◆ PROVIDED MATERIAL:
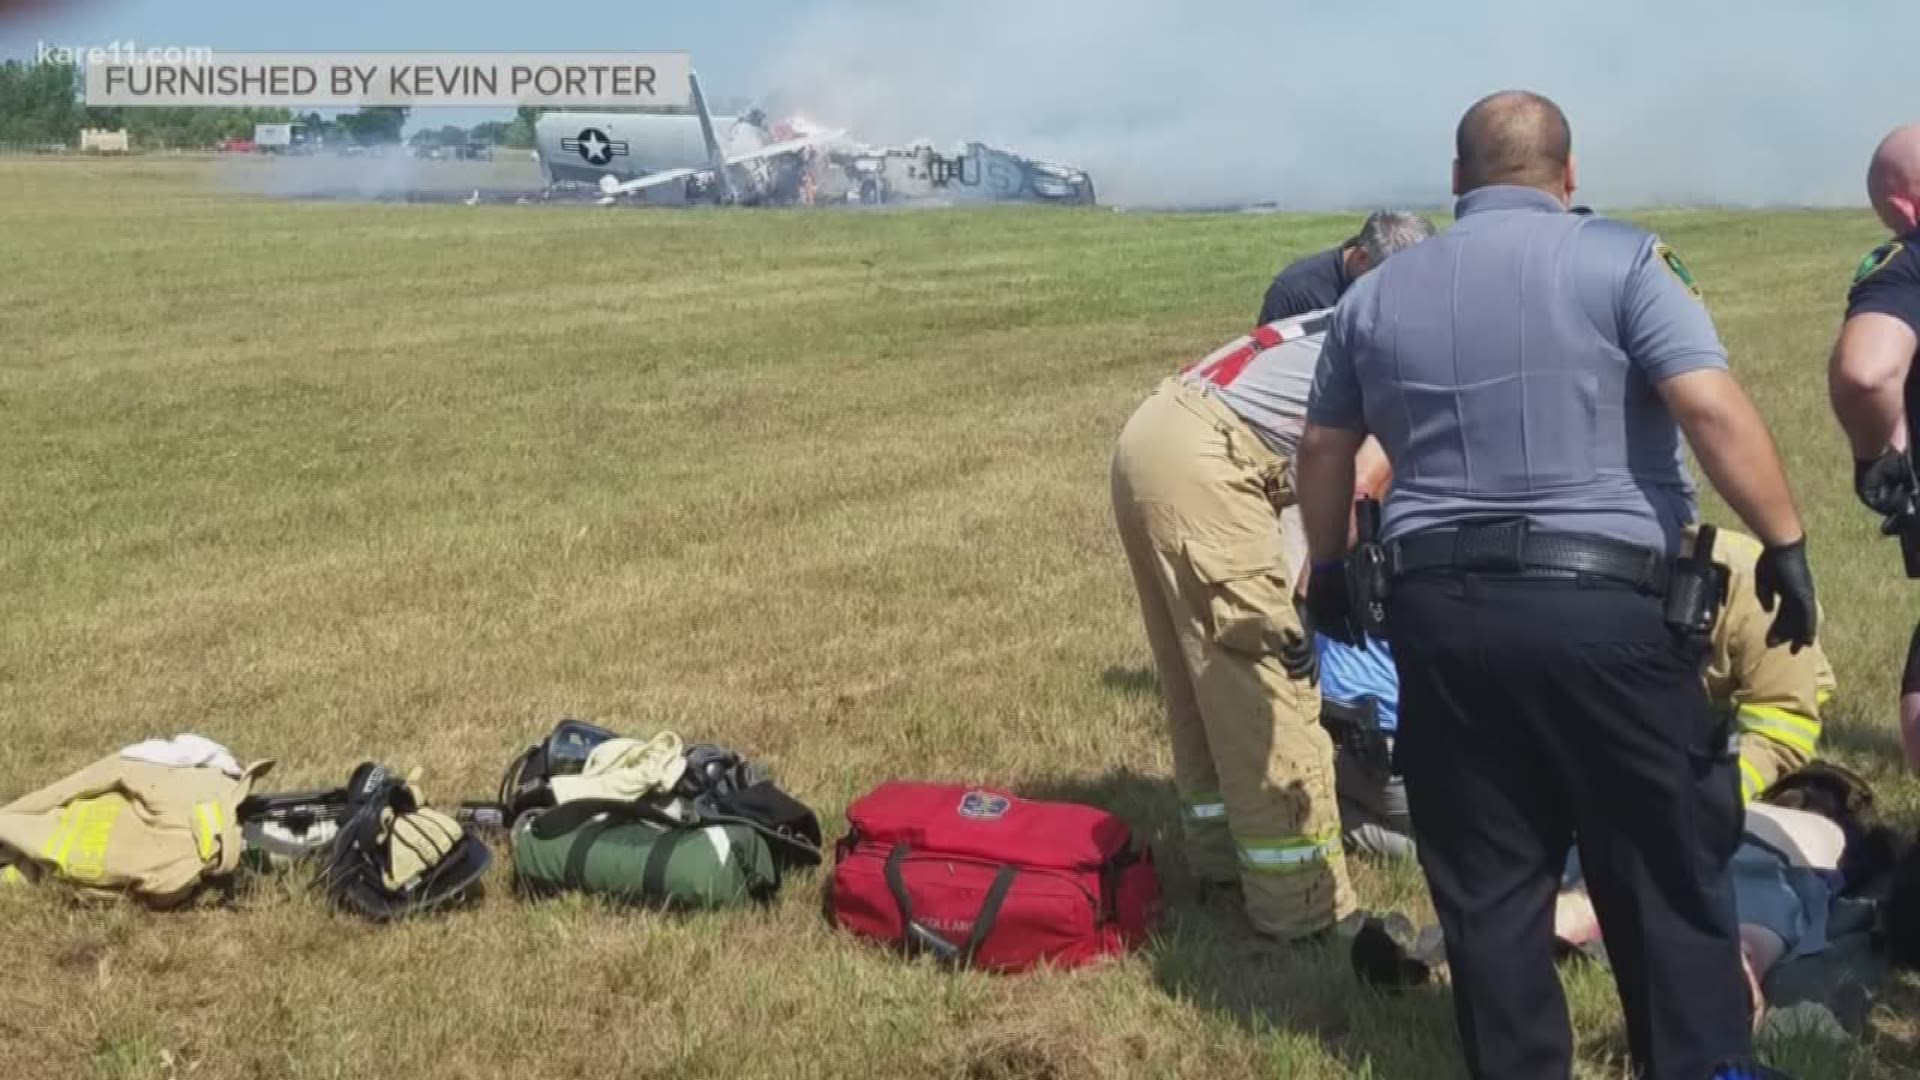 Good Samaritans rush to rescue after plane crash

---

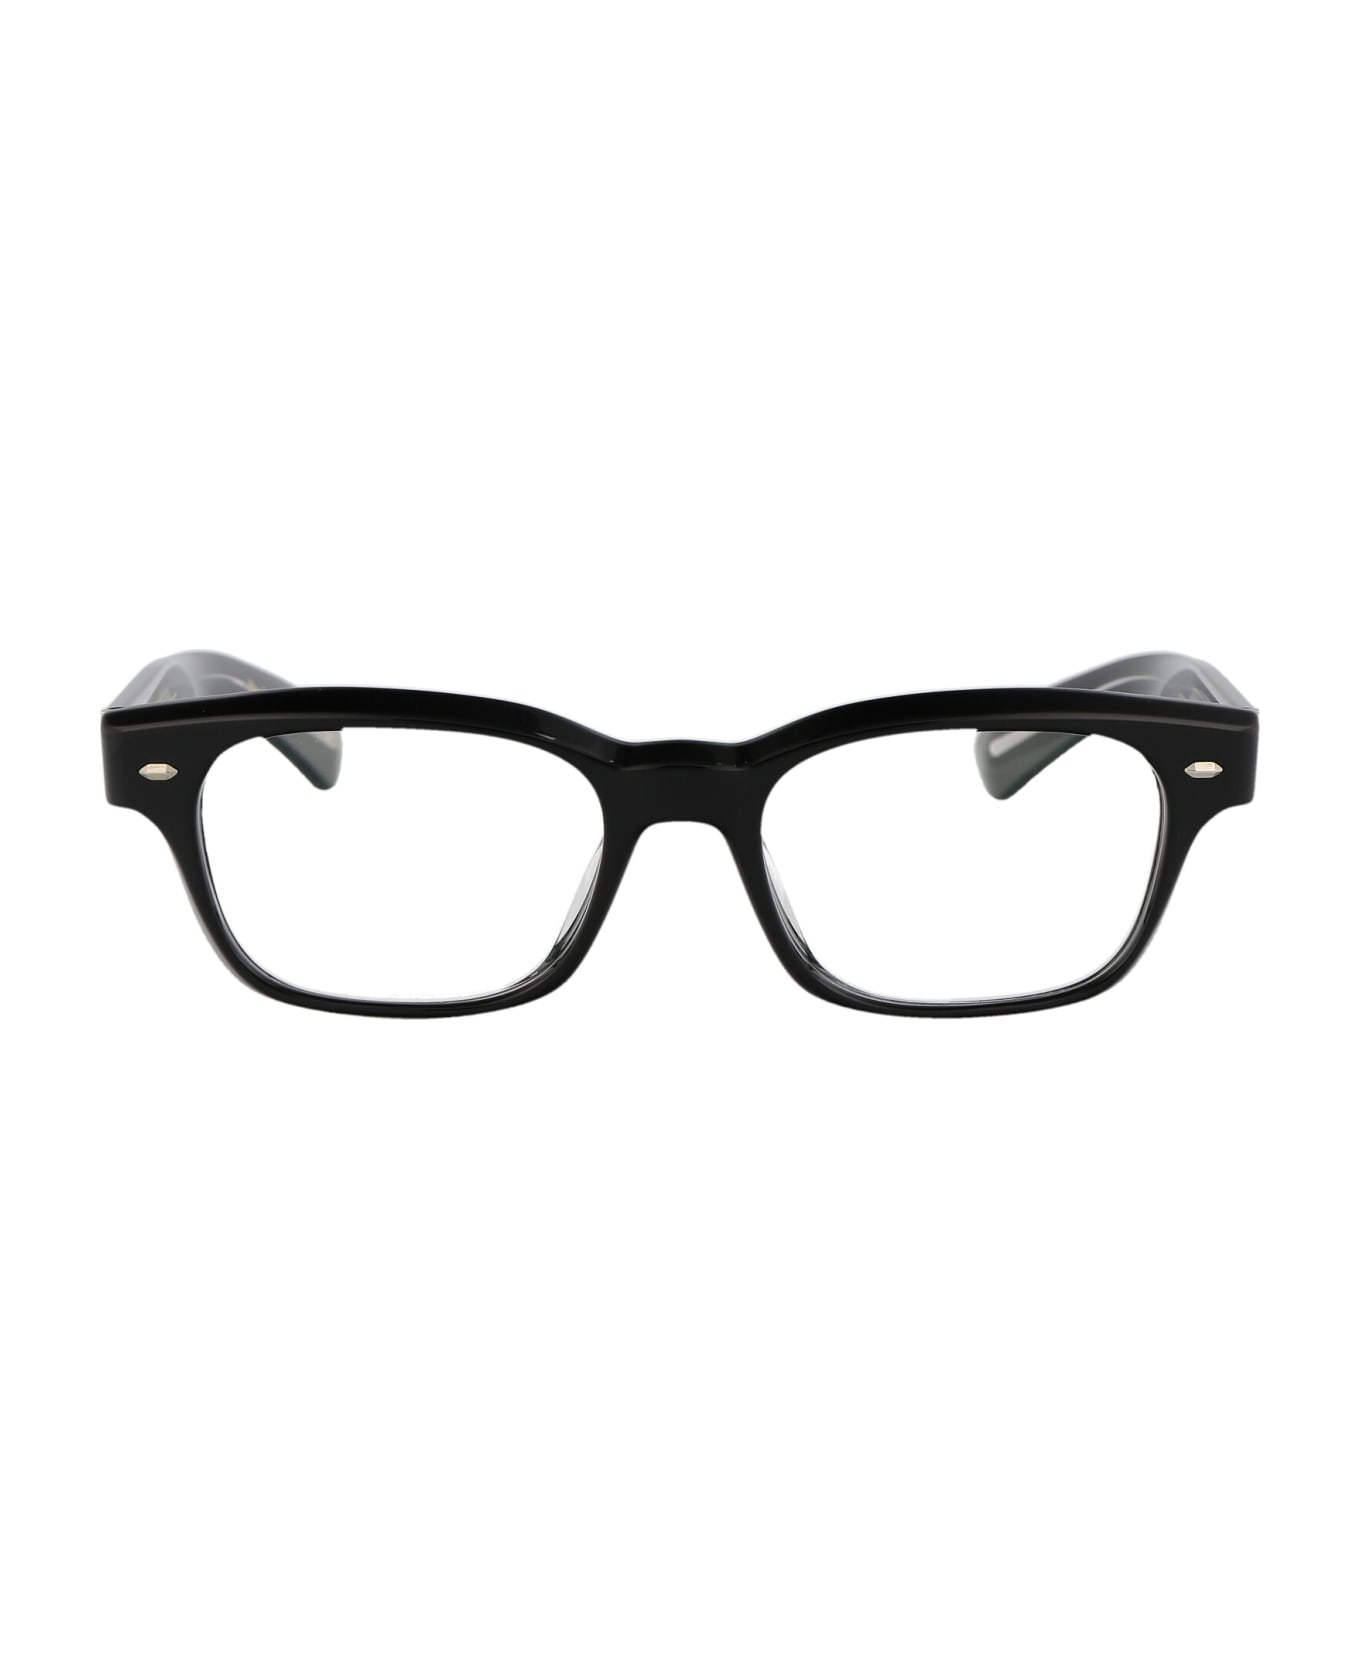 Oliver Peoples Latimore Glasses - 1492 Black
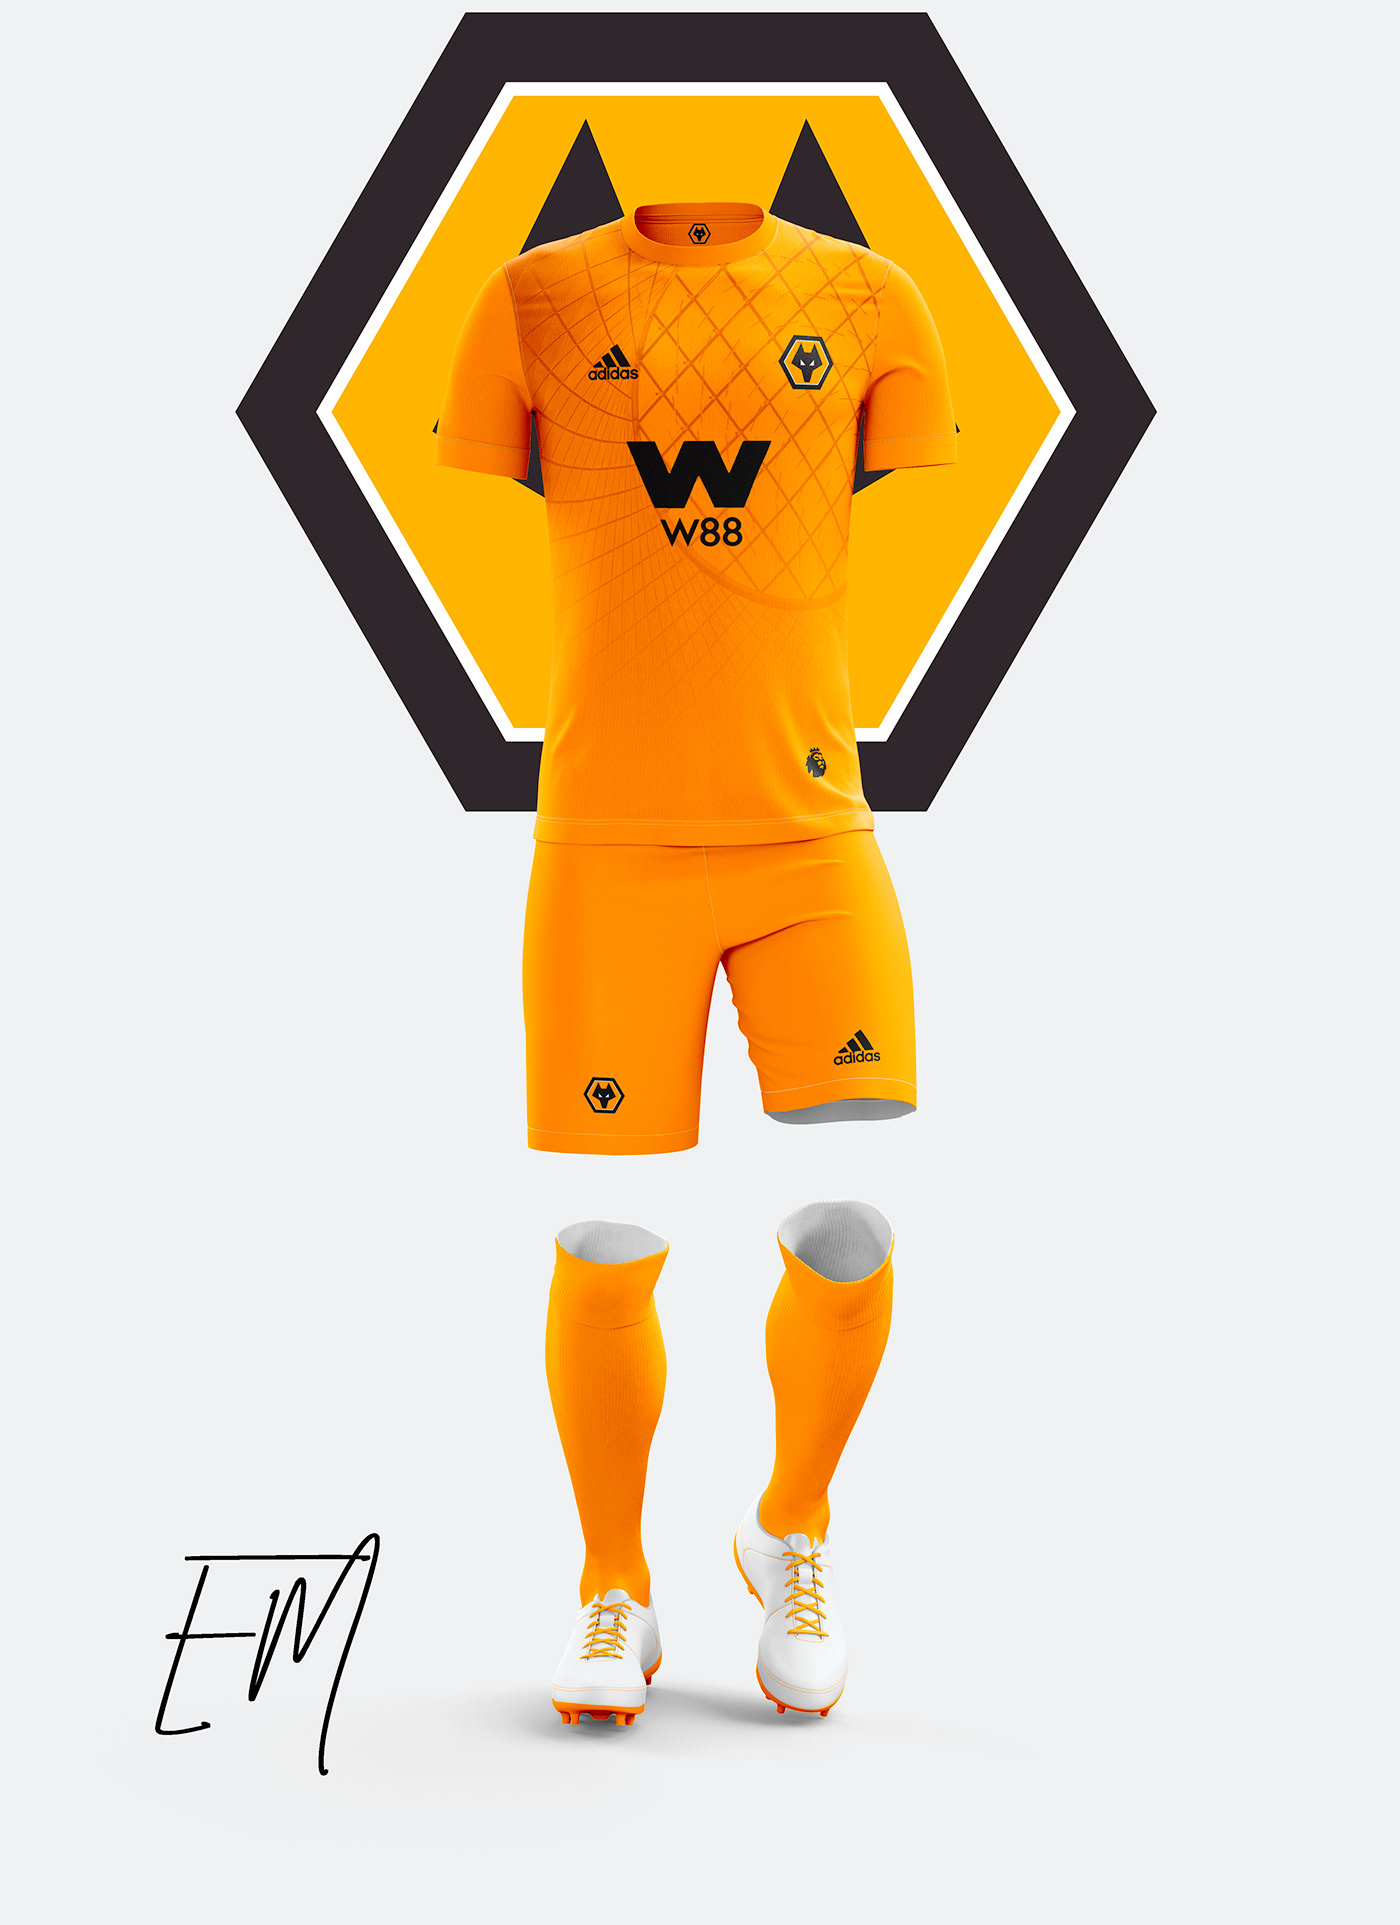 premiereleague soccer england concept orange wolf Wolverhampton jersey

◆ WORK TASK:
Only one stretch of the listing is wanted: the lines starting at the one with "Oliver Peoples Latimore Glasses - 1492 Black" and ending at the one with "premiereleague soccer england", copied exactly and free of pictures.

◆ SOLUTION FOR THIS EXERCISE:
 Oliver Peoples Latimore Glasses - 1492 Black
 premiereleague soccer england concept orange wolf Wolverhampton jersey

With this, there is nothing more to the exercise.